En las cuadras alquiladas contaban con paja y pienso para sus bestias y podían rellenar el jergón que, tumbado en el suelo de una de las habitaciones de la casa, sustituirían al llegar la noche a la más mullida cama. Todo estaba apalabrado, el pienso, la paja, la habitación y el arreglo de la comida, mientras que la compra en el mercado la hacían los campanarios a su costa. Esta estancia en Villanueva, que podía alargarse hasta diez días, suponía una fuente de ingresos considerable para sus vecinos ya que solía pasar del centenar el número de tratantes que acudía a la ciudad con cerca de un millar de mulas sólo de Campanario.

Algunos representaban a compradores de los más diversos puntos de España de los que ejercían  como corredores, llevando una comisión en los tratos realizados. Los había procedentes de Calatayud, representados por Juan Melitón; de la Mancha, por Antonio Carchena, mientras su hermano Fernando atendía a los valencianos...

Antes del amanecer ya estaban los campanarios en pie, recogían el jergón y, tras un vistazo a las bestias con pienso incluido, marchaban a dar agua, aprovechaban los blandones del terreno y embarraban las patas de las mulas para camuflar los bultos en la sobrecaña y en la sobremanoque, con el lodo, eran detestables solamente al tacto.

Cualquier falta detectada en los animales era justificación para el rechazo por parte del comprador o, al menos, para su depreciación y cuantos más defectos, mayor bajada en el precio.

Además del conocimiento de todas las triquiñuelas imaginables, los campanarios contaban con expertos herradores, los hermanos Francisco y Pedro Carmona más conocidos por los Maúros, verdaderos maestros en el arte de herrar, capaces de simular defectos al caminar cortando los cascos de determinadas formas y ocultar las cojeras.
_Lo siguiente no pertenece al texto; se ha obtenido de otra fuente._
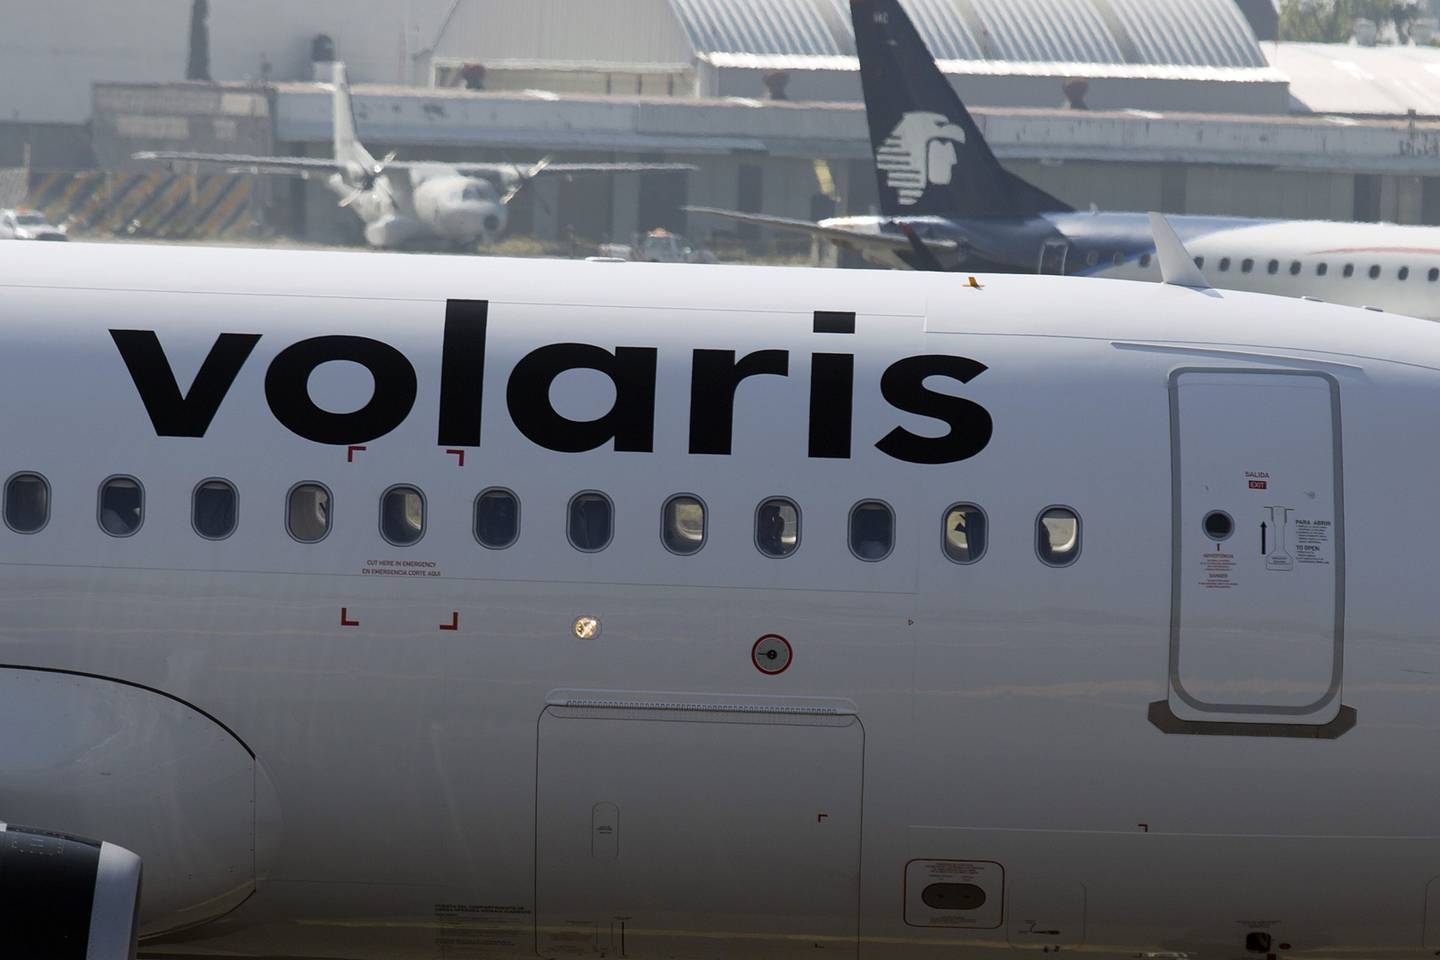 The tail section of a Grupo Aeromexico SAB jet is seen behind a Volaris plane at Benito Juarez International Airport in Mexico City, Mexico, on Tuesday, Sept. 17, 2013. Volaris, the low-cost Mexican airline backed by U.S. private-equity firm Indigo Partners LLC, is touting market-share growth to potential investors in its initial share sale as the value of its public peer languishes. Photographer: Susana Gonzalez/Bloombergdfd
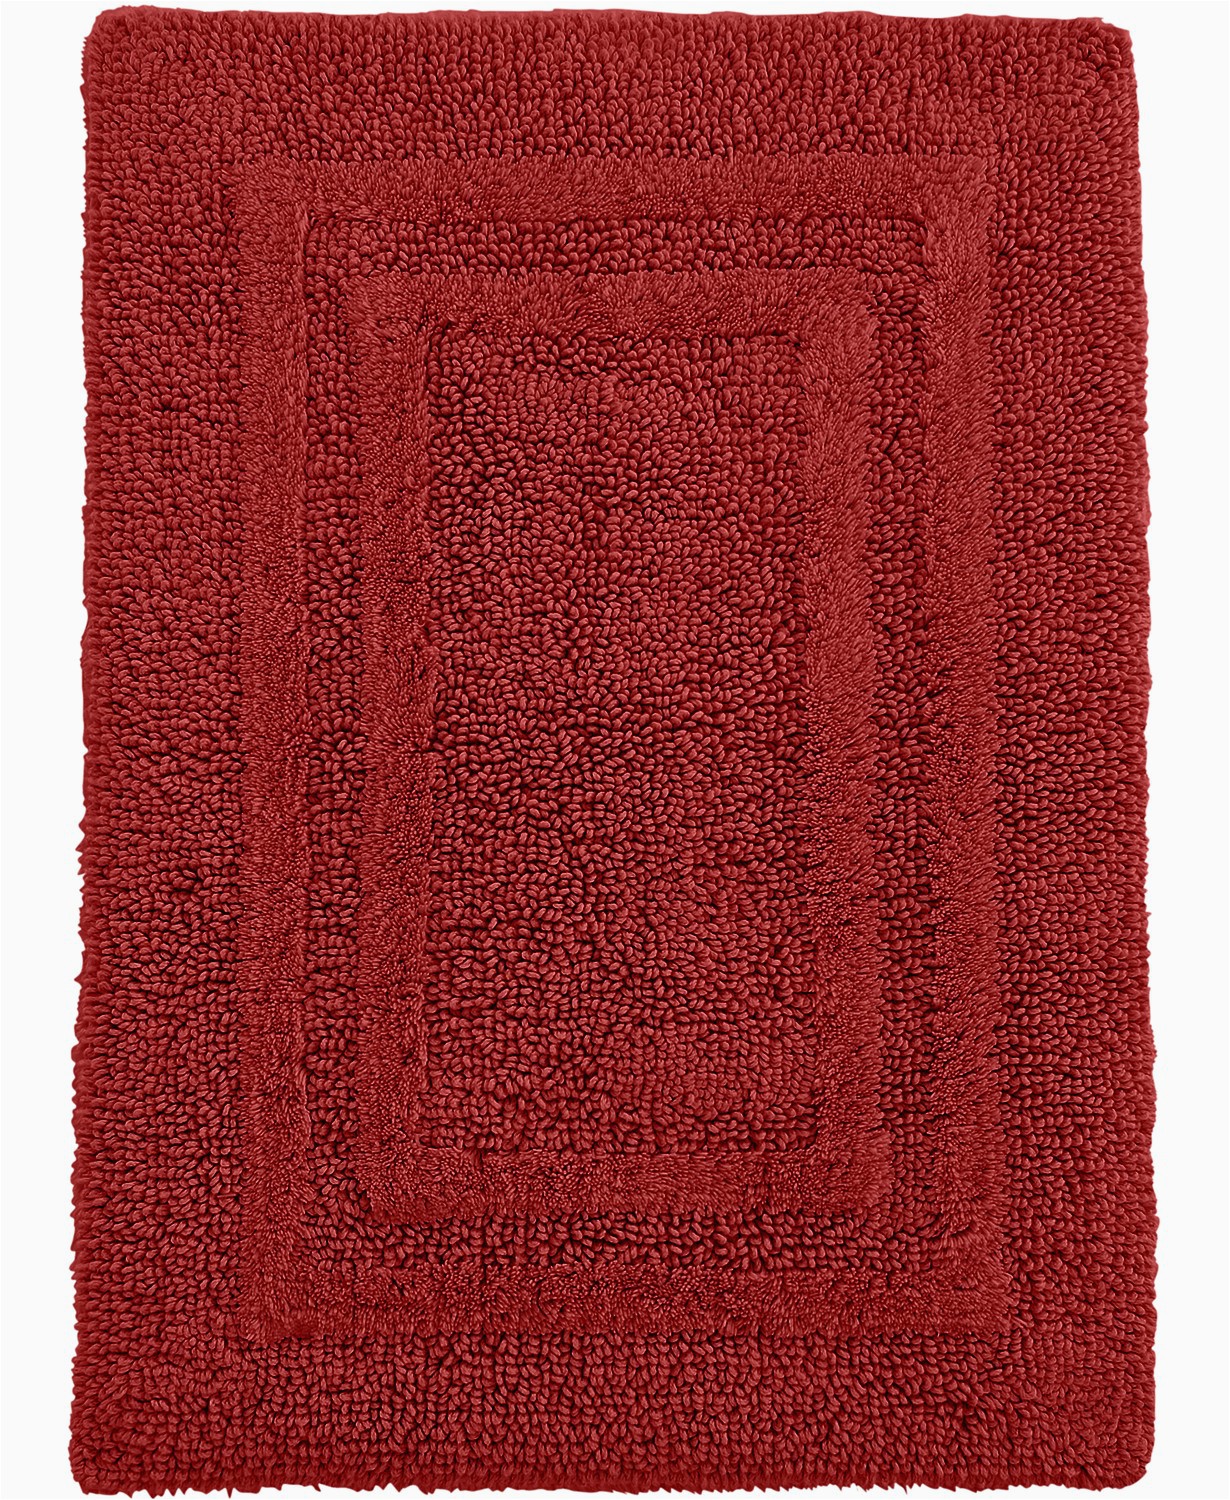 Hotel Collection Reversible Bath Rug Hotel Collection Cotton Super soft Reversible Bath Rug with Eight Understated Hues to Match Any Bath Décor 27 Inch by 48 Inch Red

Si los herradores eran aventajados en su oficio no les iba a la zaga el necesario pelador, tan famoso, que era conocido por el remoquete de Esquila.

Cuando llegaban mulas del norte de la provincia de Cáceres, más bastas que las procedentes de Andalucía, con largo y tupido pelo (tapás) era necesario refinarlas y para ello Esquila erael mejor. Colocaba los grilletes en las  patas de la mula, el acial en los belfos y puesta en una estercolera donde se amortiguaba la caída, procedía a pelar a la tapá lomos costillares y barriga. La raya horizontal que se hacía alrededor sería a una altura conveniente, según se quisiese dar apariencia de más o menos talla. Las ancas se adornaban con los bigotes.

El gavilán, diente que salía a los machos a cierta edad, se les quitaba o se les limaba, según la edad que conviniera que aparentase. Para esta operación era necesario ayudarse de la escalerilla, artilugio de hierro en forma de escalera que le impedía cerrar la boca.

La molestia en la ranilla, frecuente en las bestias de regadío, se corregían con unas chapitas entre los extremos de la herradura y el casco. Las neguillas se marcaban con nitrato de plata...

Para tratar, los campanarios solían ir varios juntos y todos apoyaban ¡y de qué manera! si convenía al paisano.